_Action item_
Only the lines from the one bearing "Prada \N Multicolour" through the end of the listing belong in your response, restated word for word and without pictures.

_Information provided_
######

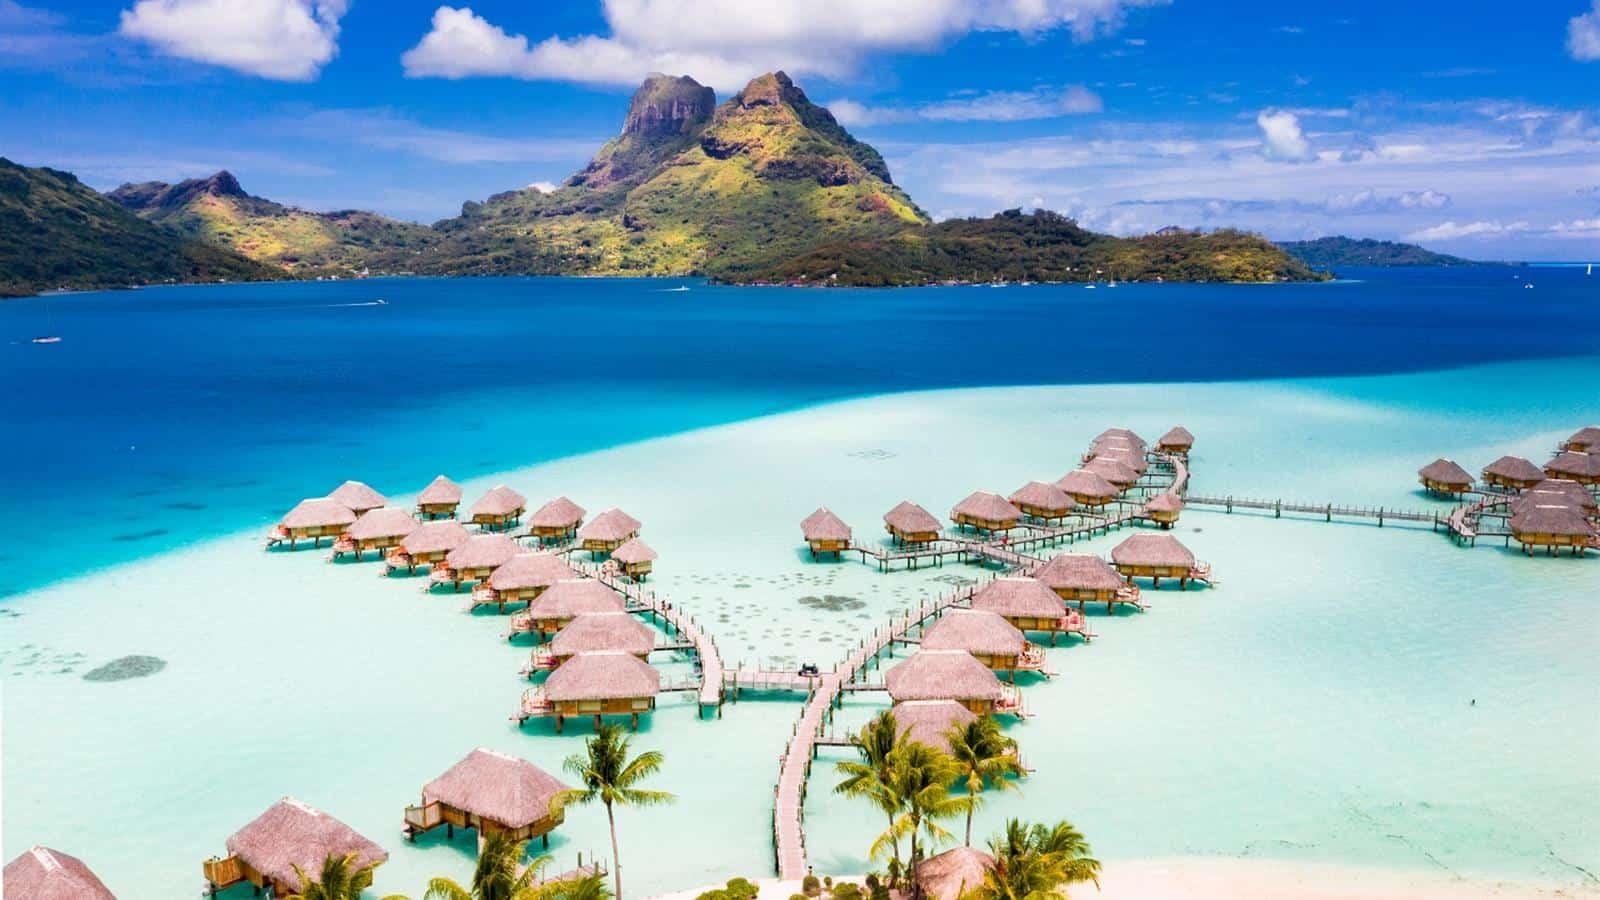 أماكن يزورها المشاهير للسياحة بورا بورا
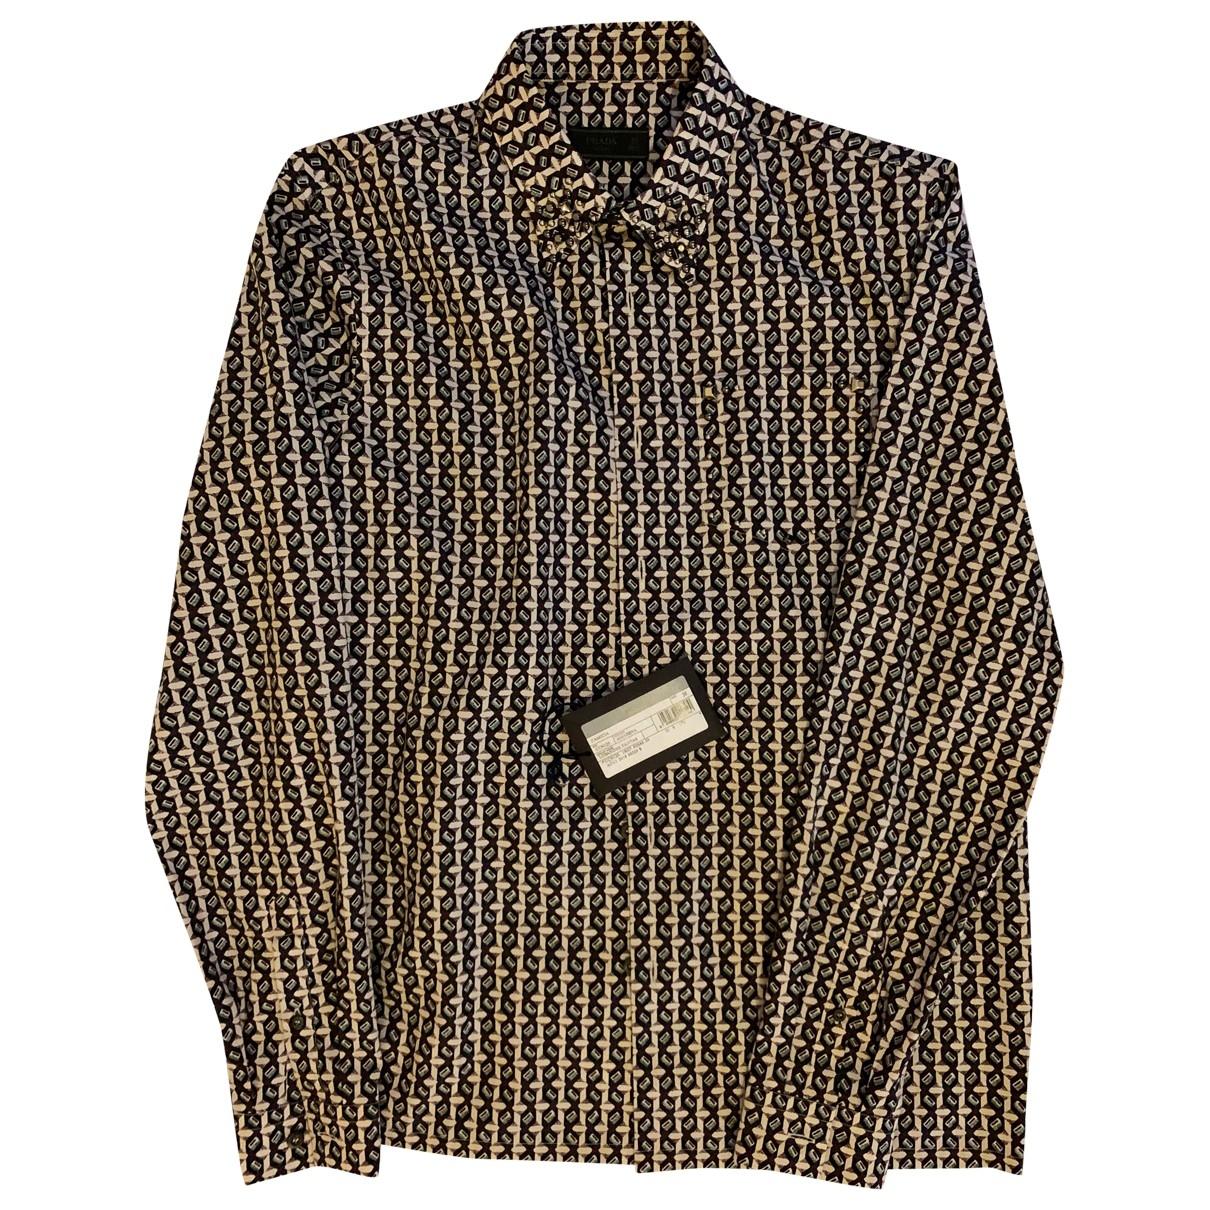 Prada \N Multicolour Cotton Shirts for Men 39 EU (tour de cou / collar)
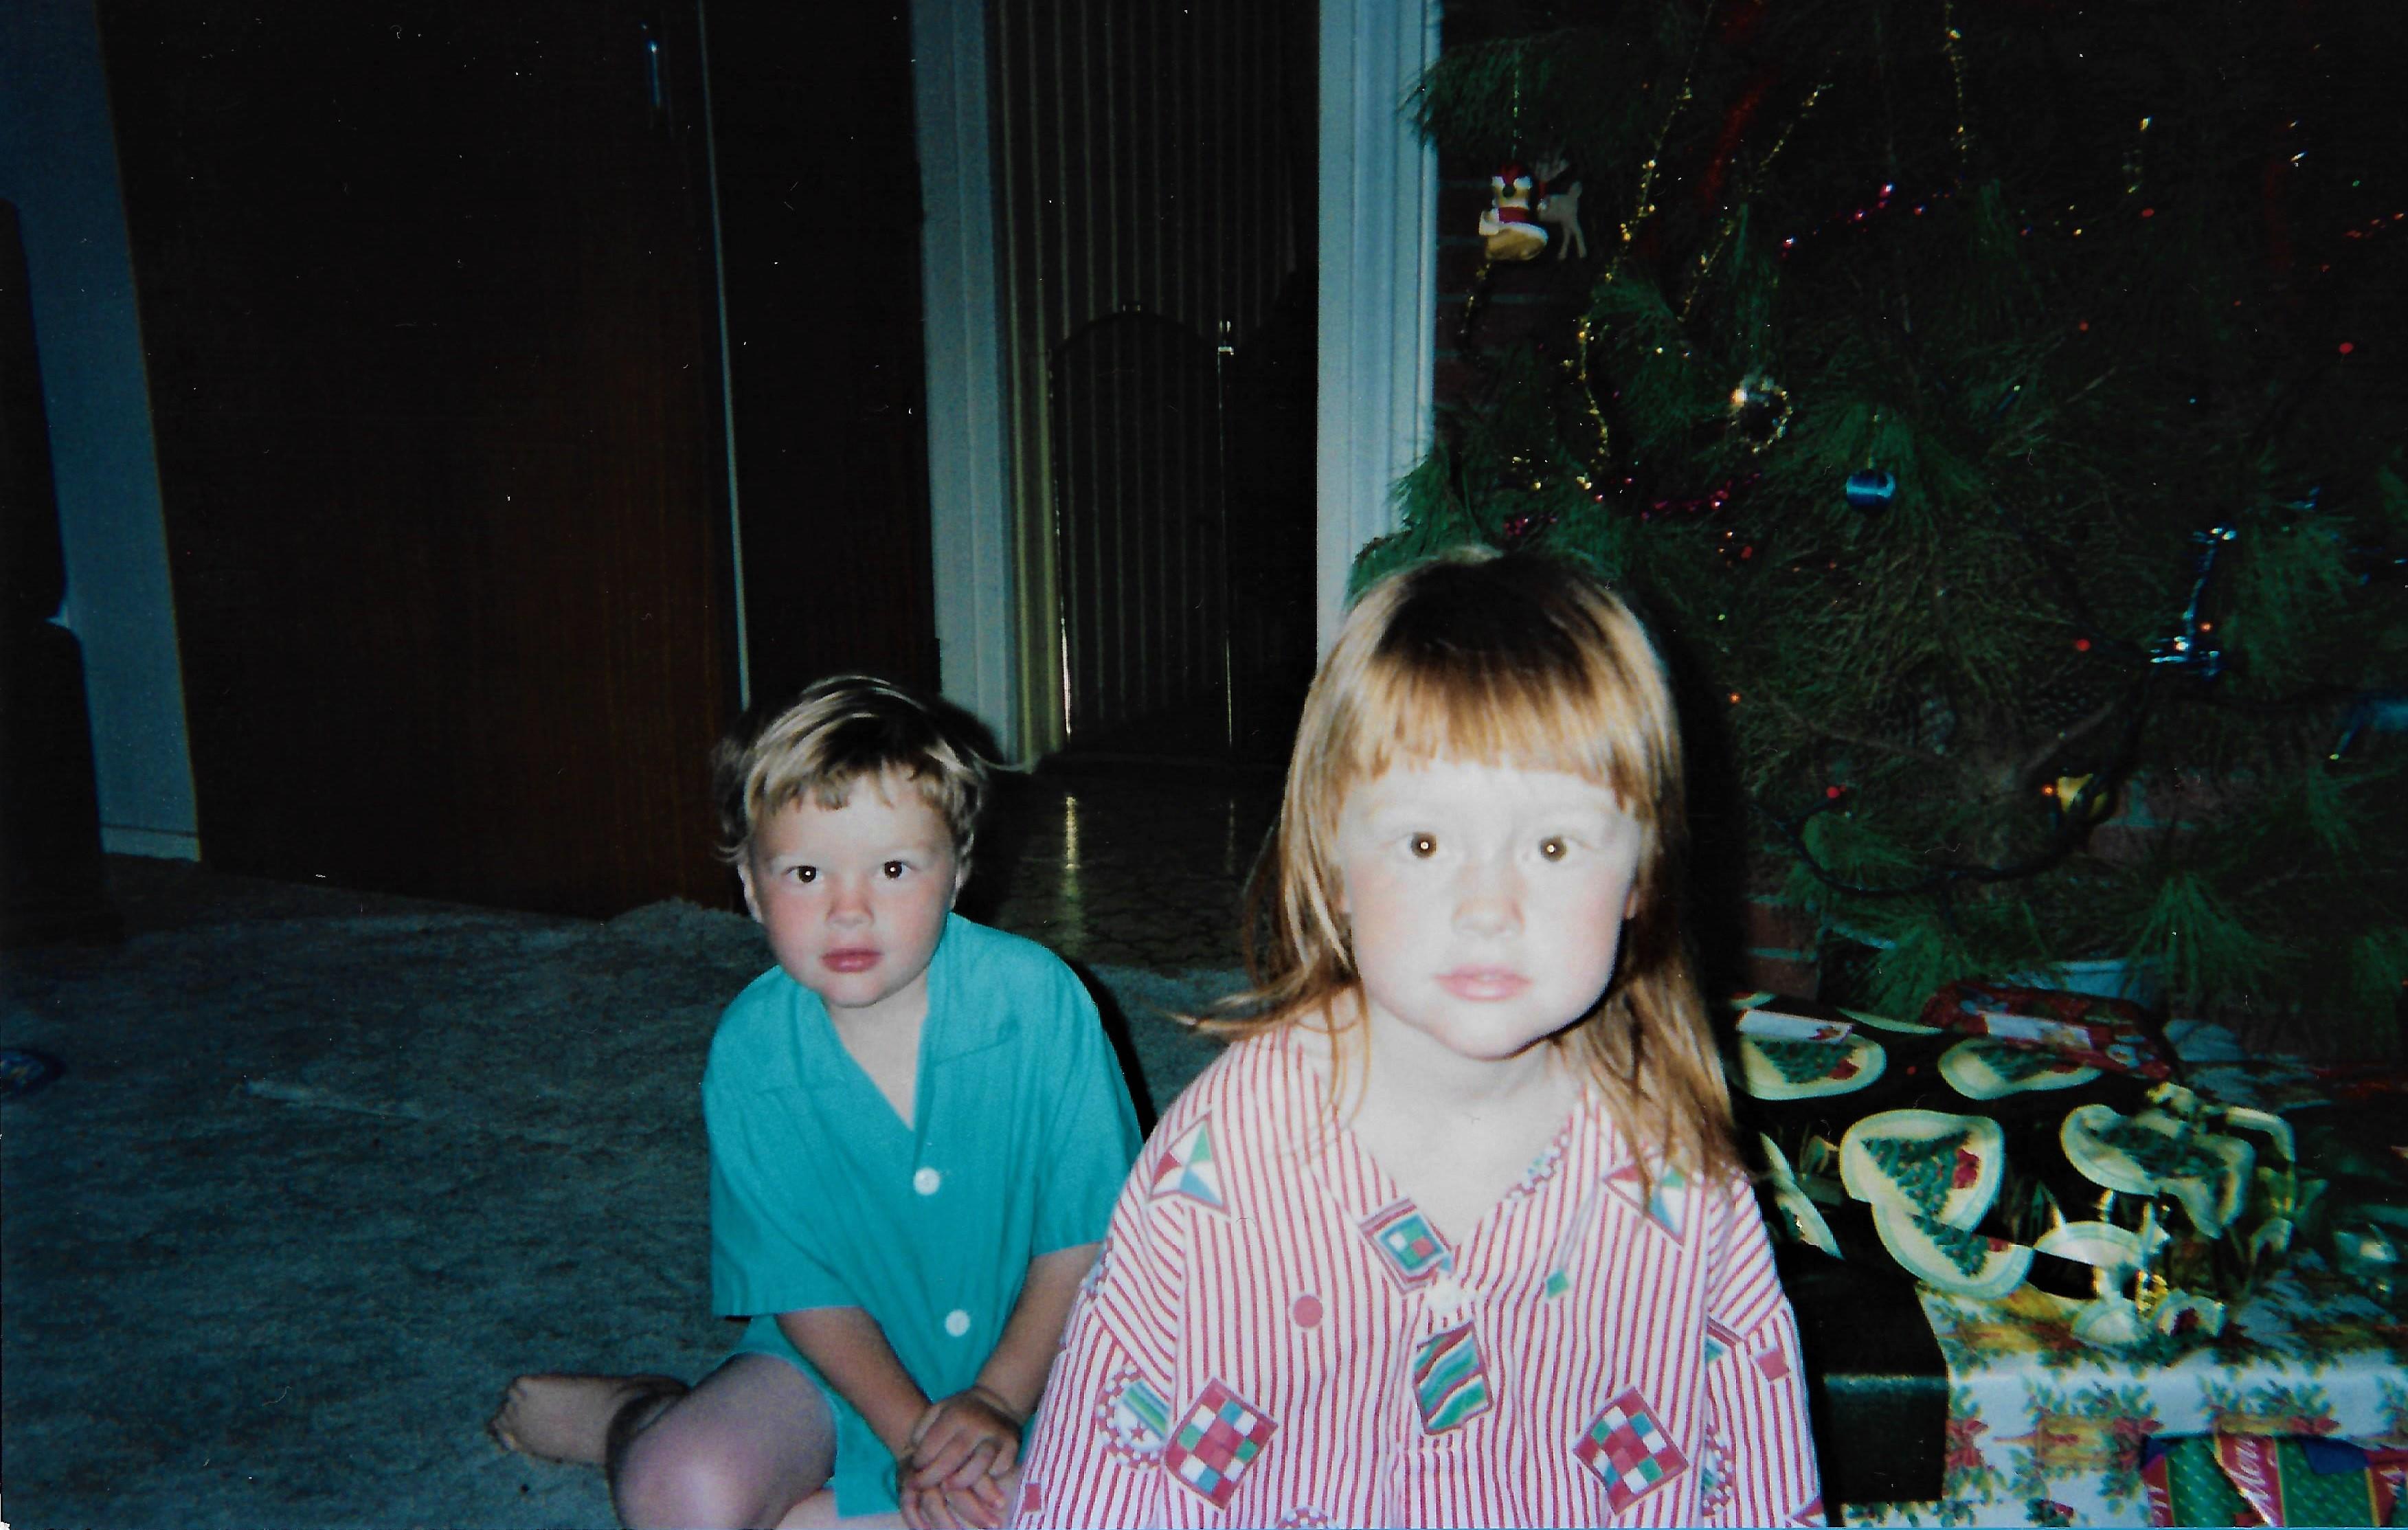 Christmas 2002, My Sister and I
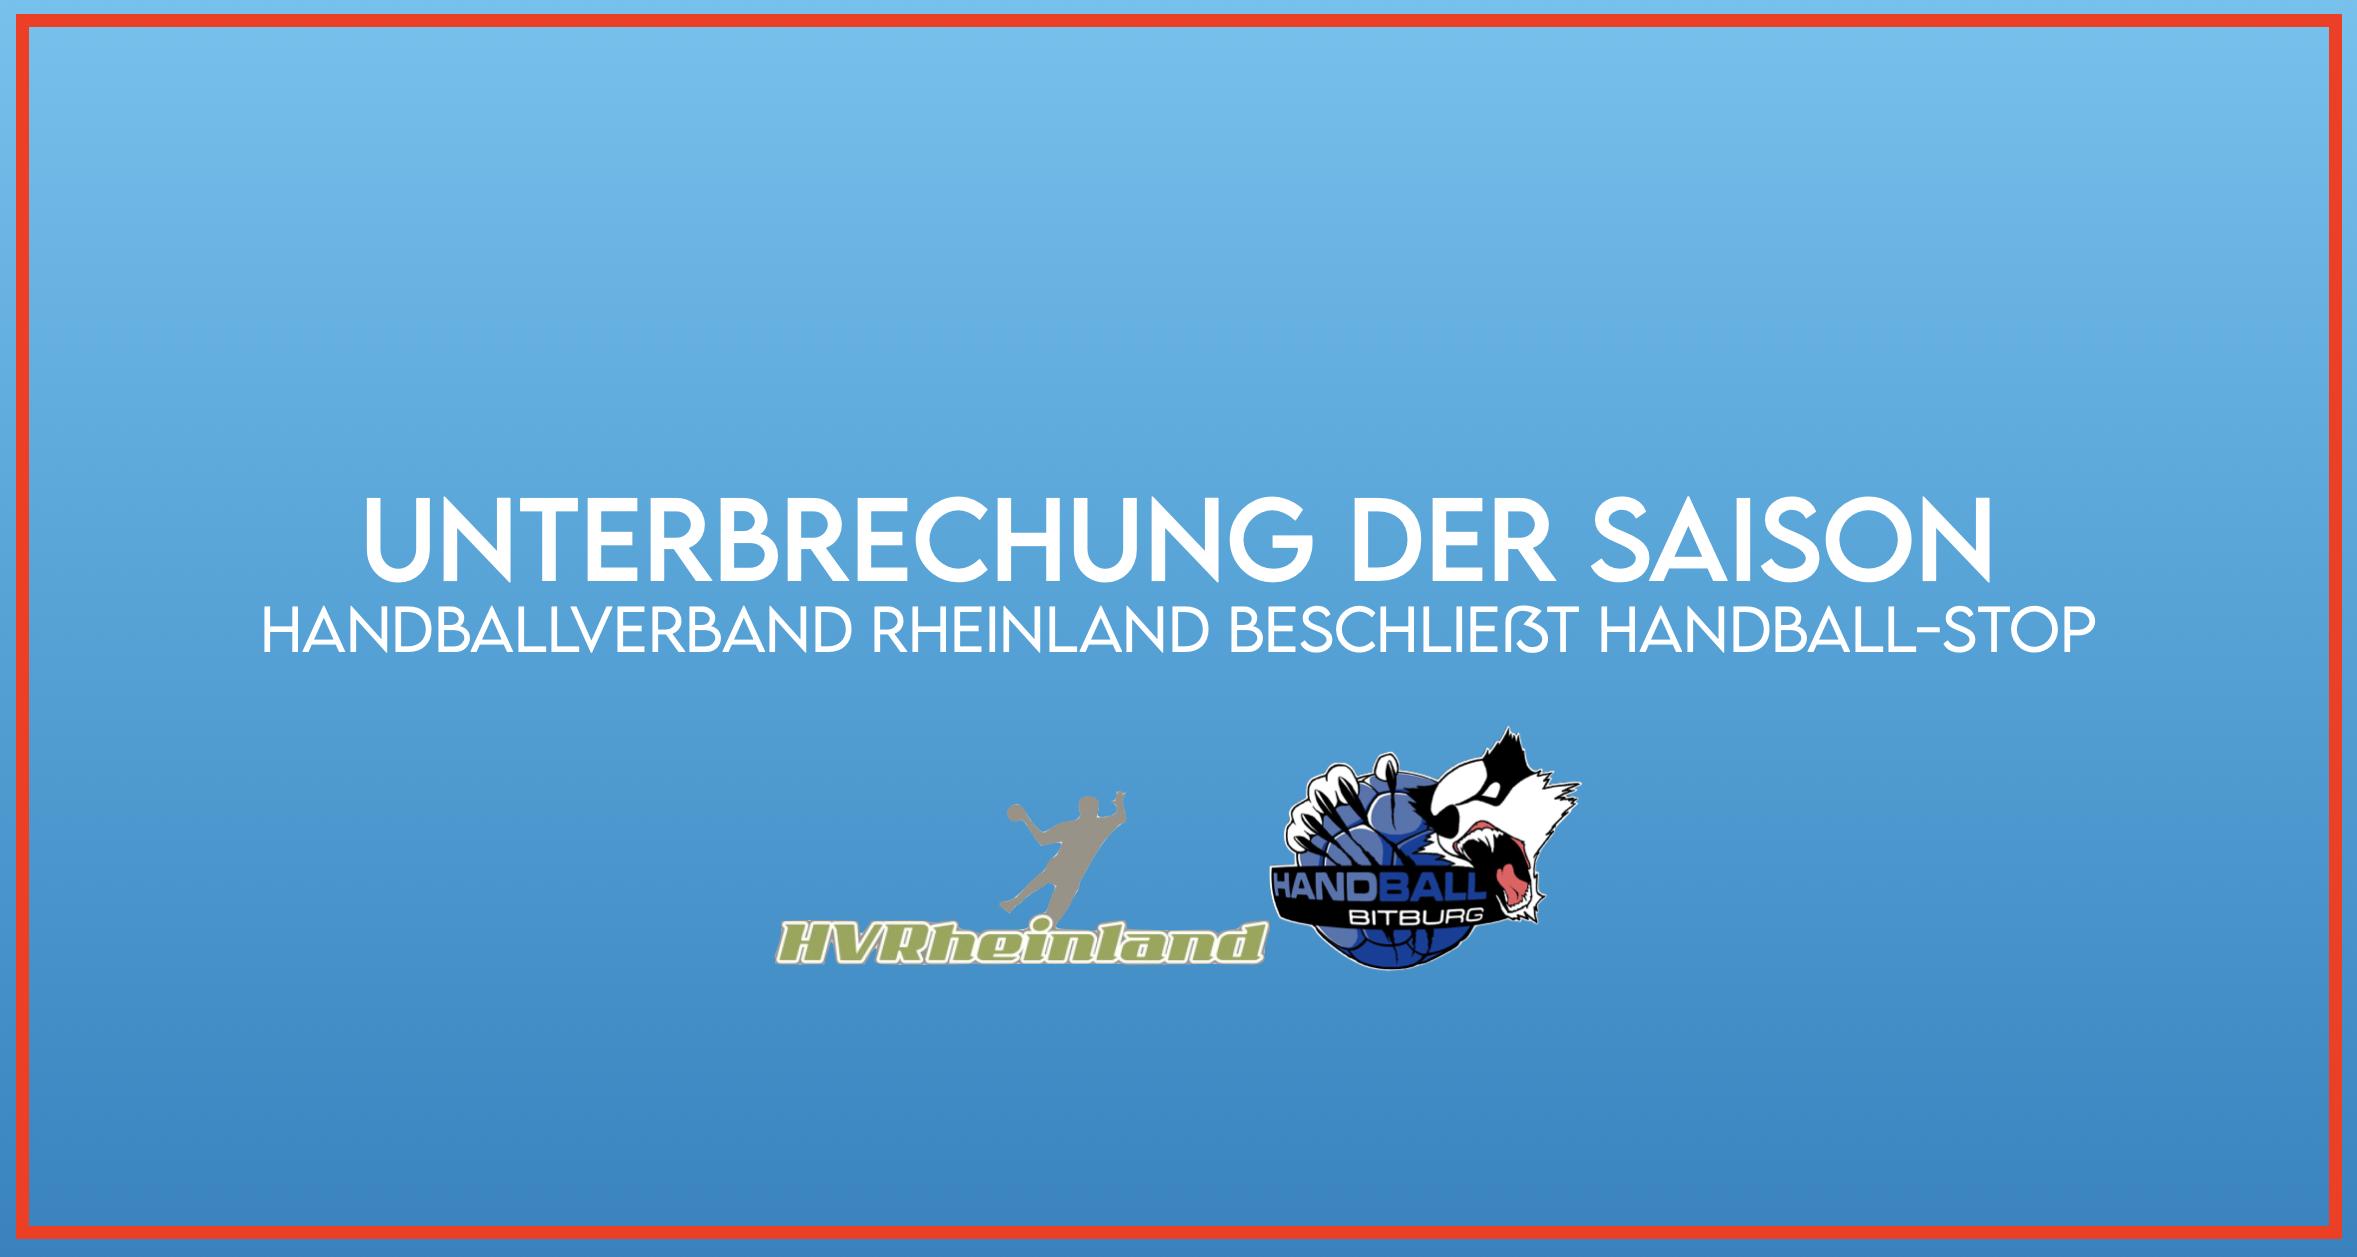 HVR unterbricht die Handball-Saison

######

_Answer box_
 Prada \N Multicolour Cotton Shirts for Men 39 EU (tour de cou / collar)
 Christmas 2002, My Sister and I
 HVR unterbricht die Handball-Saison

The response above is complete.